The Drunkest People at the Golden Globes

Proof that the Golden Globes is the most turnt Hollywood event of the year.

Cuba Gooding Jr
Complex Original


Cuba Gooding Jr

You've maybe heard that the Golden Globes refer to themselves as "the party of the year," a statement that is both true and false. On one hand, Globe attendees are allowed to drink, so the awards show is comparably entertaining. Then again, it's an awards show, and there's definitely a cap on how fun those things can be. Also? It's fucking January; you can't say a thing is the "thing of the year" eleven months before that year ends. That's just cocky.

But it's 2017—new year, new me—and I promised to be more positive. So let's celebrate the fun part of the Golden Globes and highlight all the very fancy celebrities who were very drunk. 

Denzel Washington

Denzel Washington

My guy may not have been drunk on the red carpet, but this is very much a "jfc I wish I slammed Henny in the limo" face.

Jenna Bush Hager

"you're nominated for Hidden Fences"

It's Hidden FIGURES, George W. Bush's daughter. This was almost as embarrassing as the time your pops choked on a pretzel.

Michael Keaton

someone fucked up

Because again, IT IS HIDDEN FIGURES. People shouldn't be this confused by two movies that star black people and share a consonant.

Billy Bob Thornton

Billy Bob Thornton

When they announced Billy's nomination, the camera cut to my guy and he was very thirstily whispering in a woman's ear. Then he actually won, and his acceptance speech was even more bizarre. You knew Billy was on one after you saw those sunglasses, though.

Lakeith Stanfield

Keith Stanfield Golden Globes

Seems like a safe assumption. But I mean, can you blame him?

Goldie Hawn

Goldie Hawn

Goldie Hawn and Amy Schumer may have been doing a bit when they presented the award for best actor in a comedy. But if not, holy shit, Goldie was the drunkest. She was Old Hollywood drunk—like, "if I crash a car into a children's hospital some shady fixer will make it disappear" drunk.

Mel Gibson

Mel Gibson

I remember the first time tried to rest my hand on my chin. (Also, this hand-fumbling happened smack dab in the middle of Meryl Streep's speech about how bullying disabled people is bad. Look at Mel like, "What is this novel concept!?")

Hugh Laurie

After Meryl Streep repeated his Trump joke (about how "Hollywood Foreign Press" are Republicans' three least favorite words) and got a way bigger laugh, House MD was ready to turn up. 
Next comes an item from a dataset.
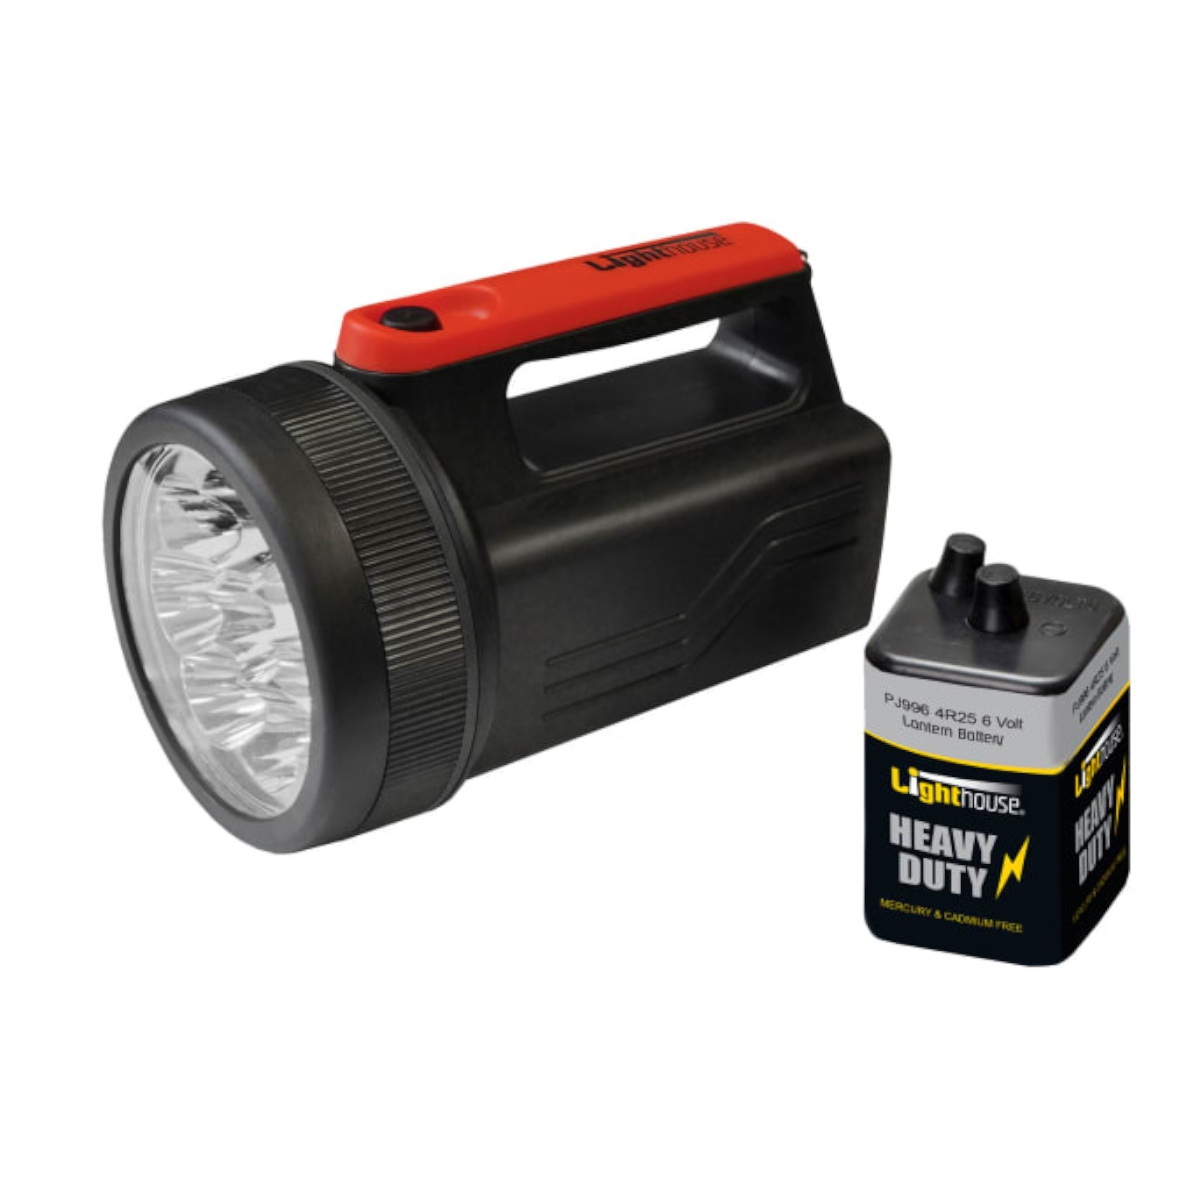 Apature led Light Battery Compact. Coast Dual Battery Lantern. Фонарь v70. POWERCUT Light l71.

"I am very excited and on my way to being pleasantly intoxicated." -- Hugh Laurie just now on E!

No word yet on how intoxicated House got, but I know that if I watched myself get Dane Cook'ed at the Golden Globes, all bets would be off.

The Afflecks

The dudes you avoid at a party when it gets late

​TOM BRADY TOM BRADY DEFLATEGATE ROGAH GOODELL FAHKING M.I.T., Casey and Ben Affleck yelled to anyone who would listen.

Cuba Gooding Jr.

Pictured above: Cuba Gooding Jr., also known as that guy who once tried to eat another man's cell phone.